Problem details: Exact reproduction required: the lines below from the line with "Artificial White Protea Stem – Click Style" to the line with "لباس مجلسی زنانه", both ends included, and no others.

Data shown:
══════════════════════════════
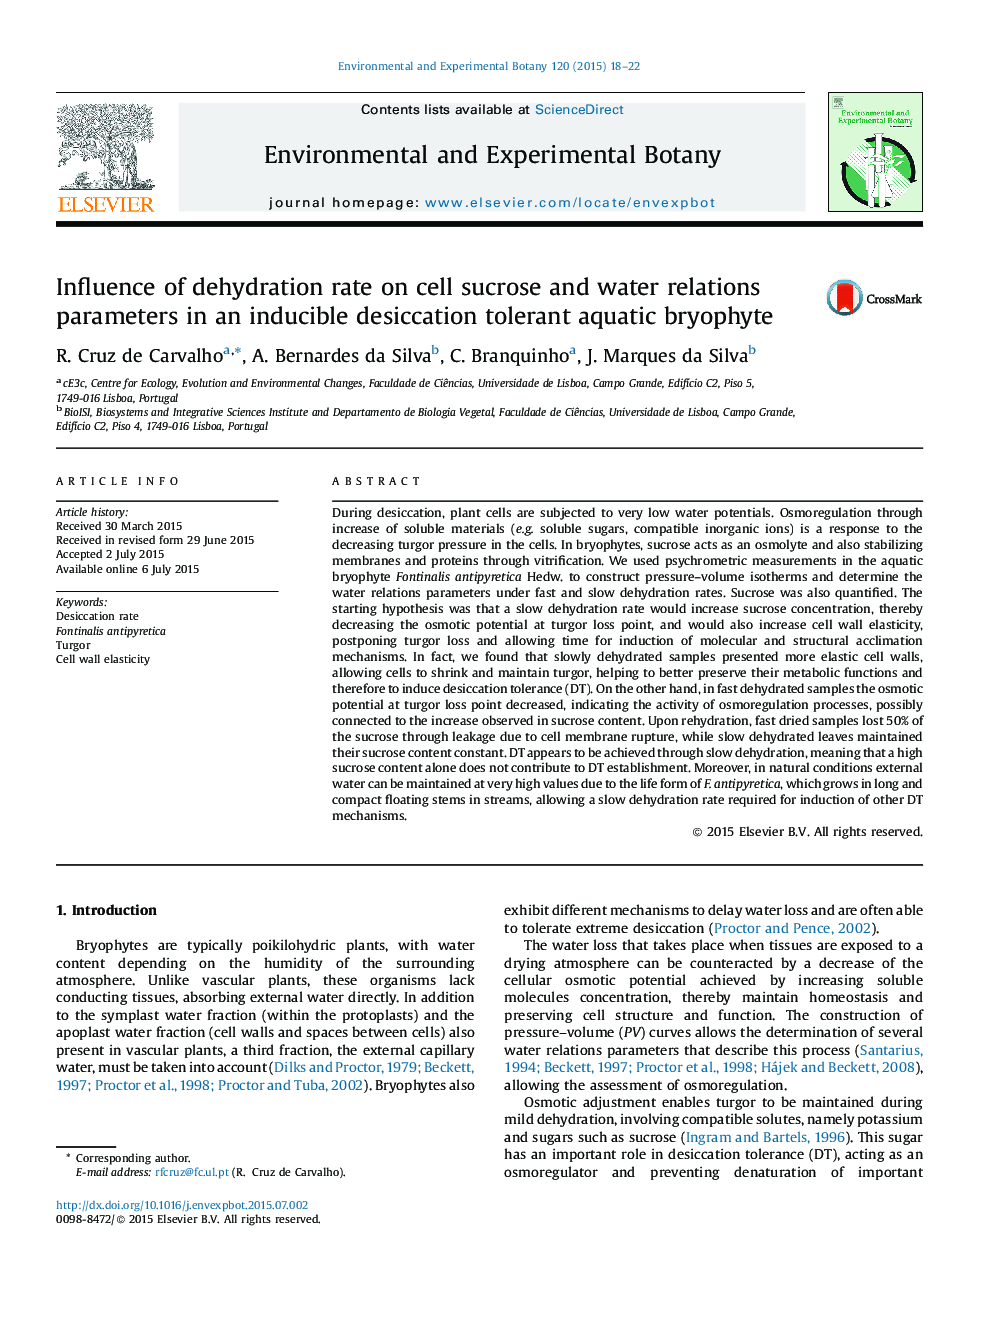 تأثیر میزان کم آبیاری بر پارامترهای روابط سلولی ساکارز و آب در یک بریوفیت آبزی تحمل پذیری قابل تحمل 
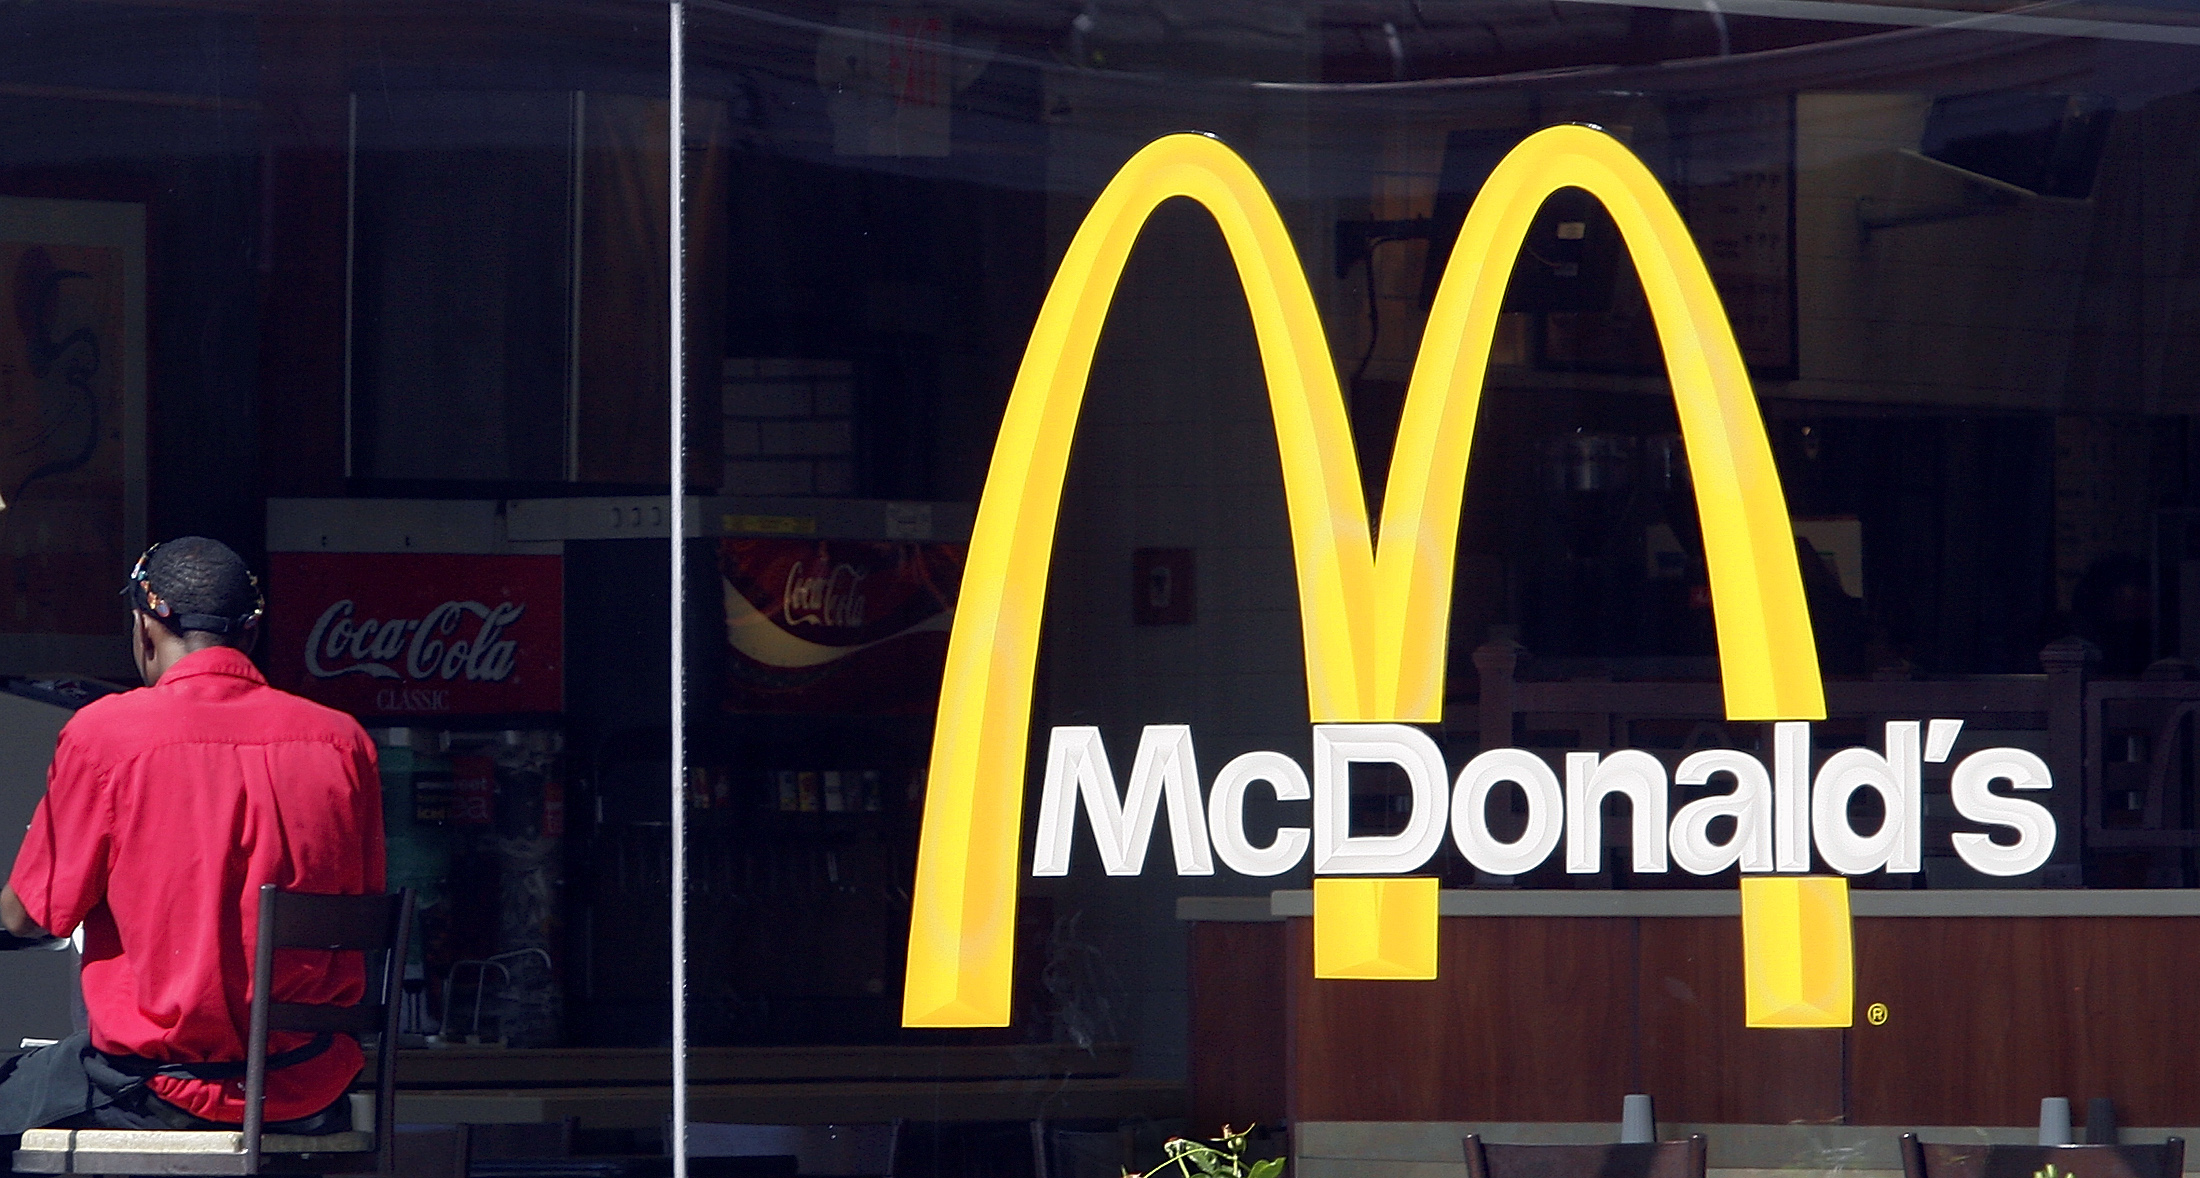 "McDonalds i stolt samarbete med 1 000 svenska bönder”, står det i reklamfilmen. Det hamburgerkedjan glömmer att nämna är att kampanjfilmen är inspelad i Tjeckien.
══════════════════════════════
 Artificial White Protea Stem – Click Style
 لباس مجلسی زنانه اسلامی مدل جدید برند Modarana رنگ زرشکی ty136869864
══════════════════════════════
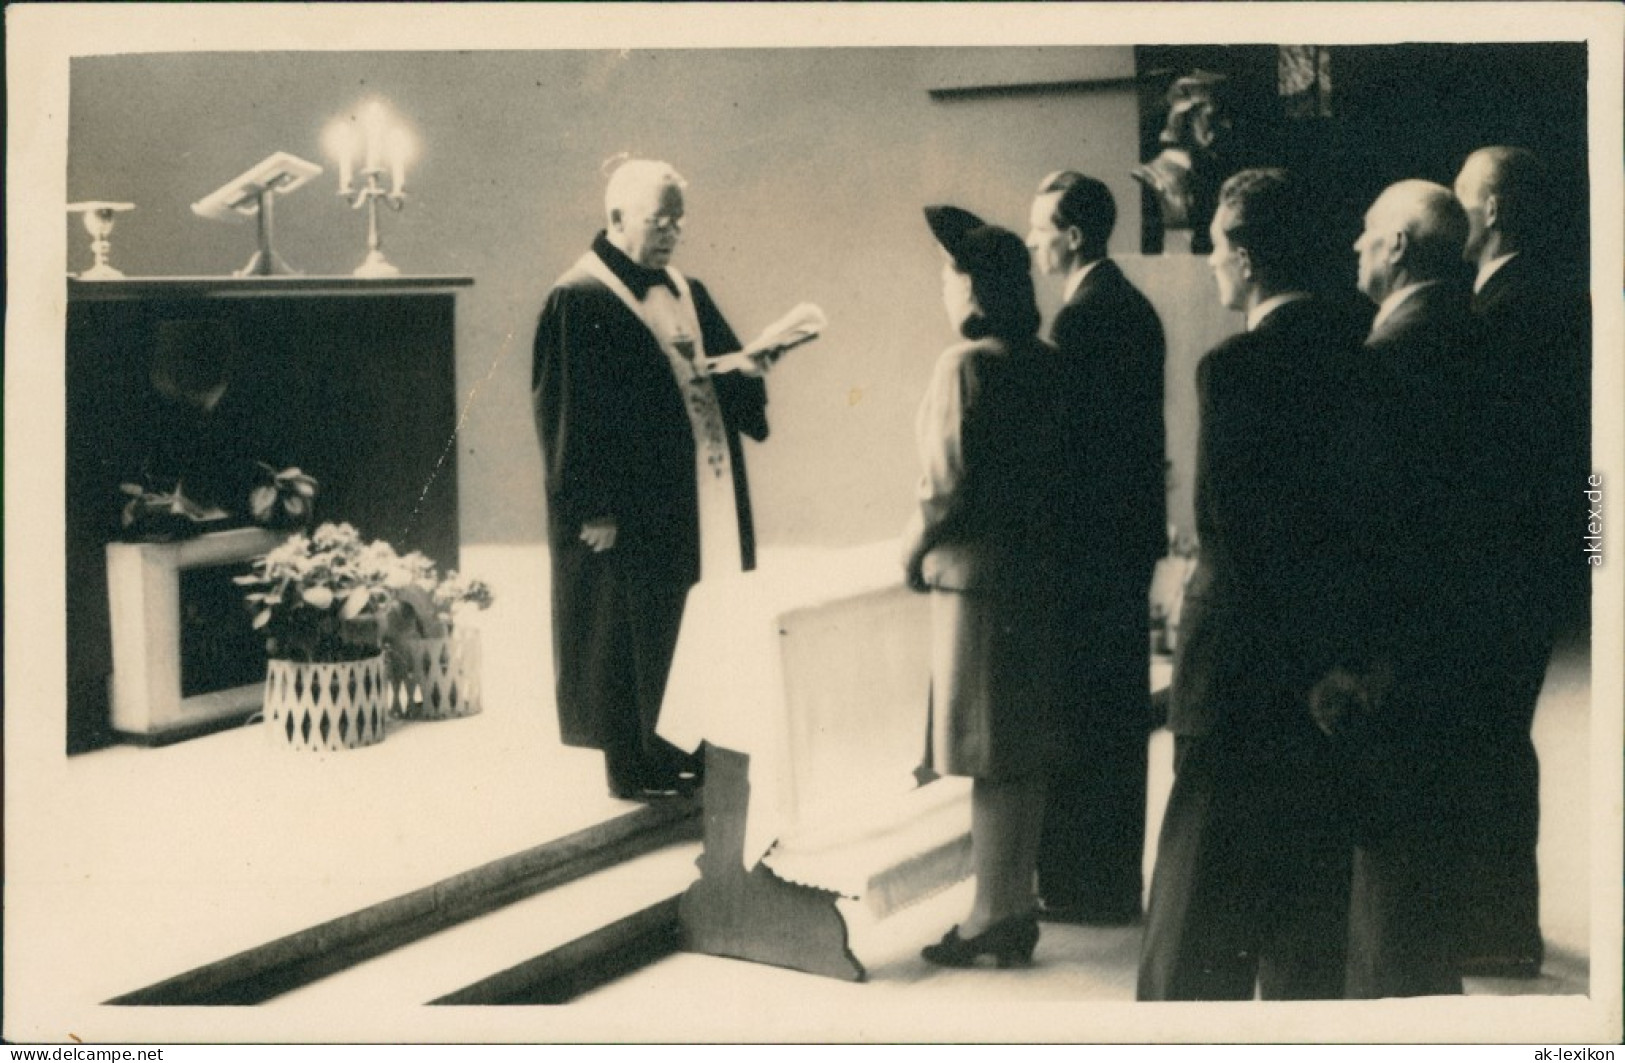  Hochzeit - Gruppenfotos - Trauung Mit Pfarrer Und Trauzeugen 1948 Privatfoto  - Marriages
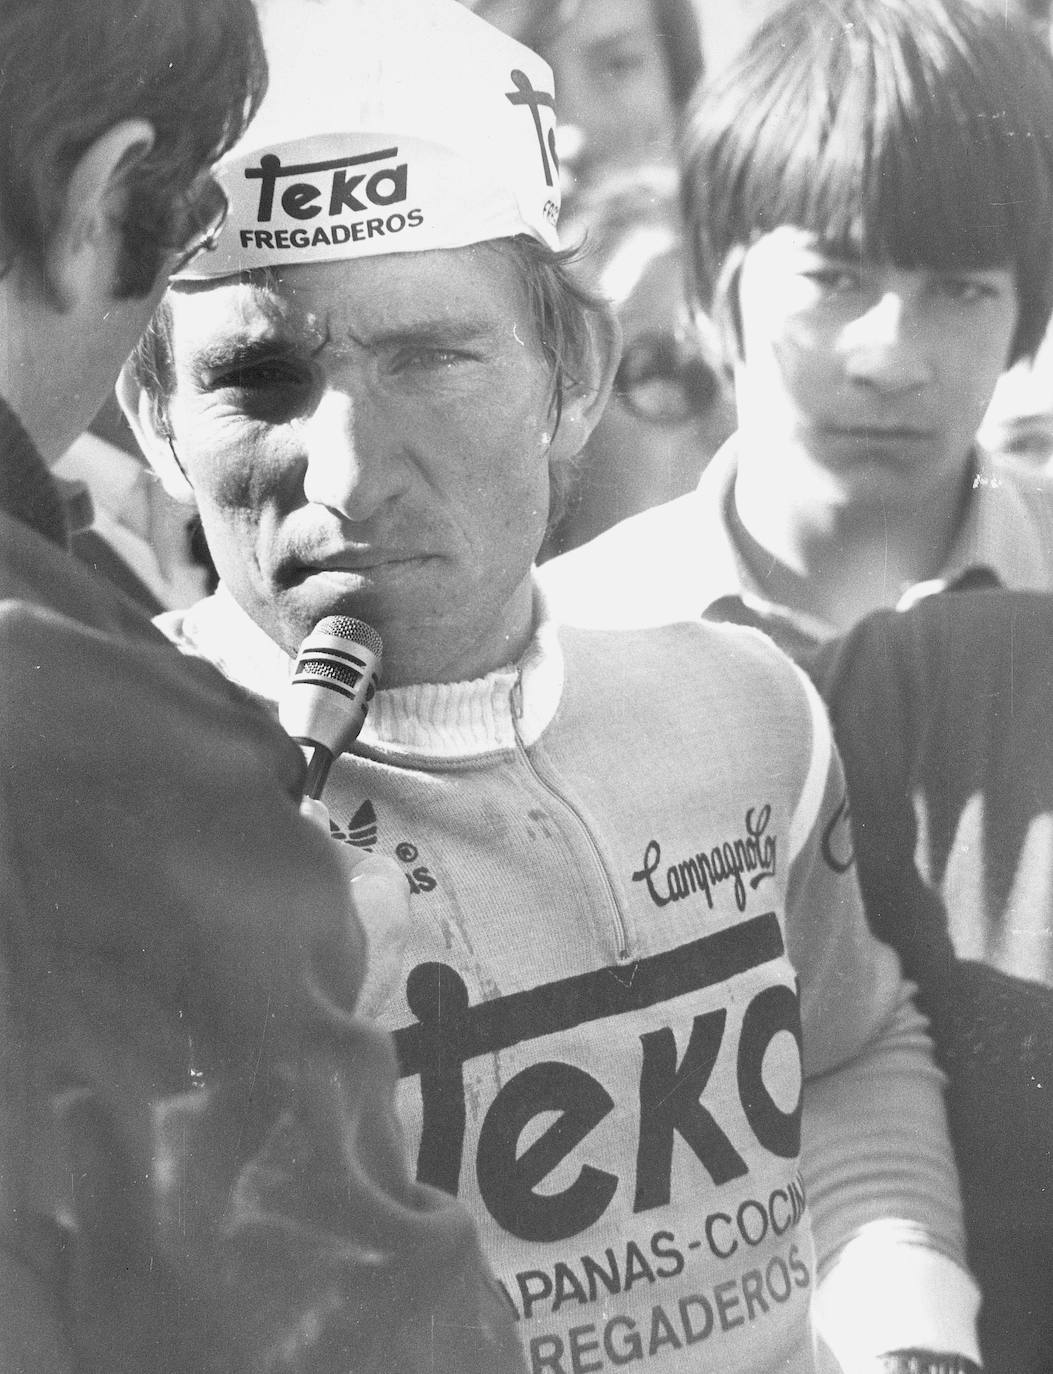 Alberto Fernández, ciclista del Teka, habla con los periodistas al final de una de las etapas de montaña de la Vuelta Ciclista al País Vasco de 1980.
══════════════════════════════
Expected answer:
 Artificial White Protea Stem – Click Style
 لباس مجلسی زنانه اسلامی مدل جدید برند Modarana رنگ زرشکی ty136869864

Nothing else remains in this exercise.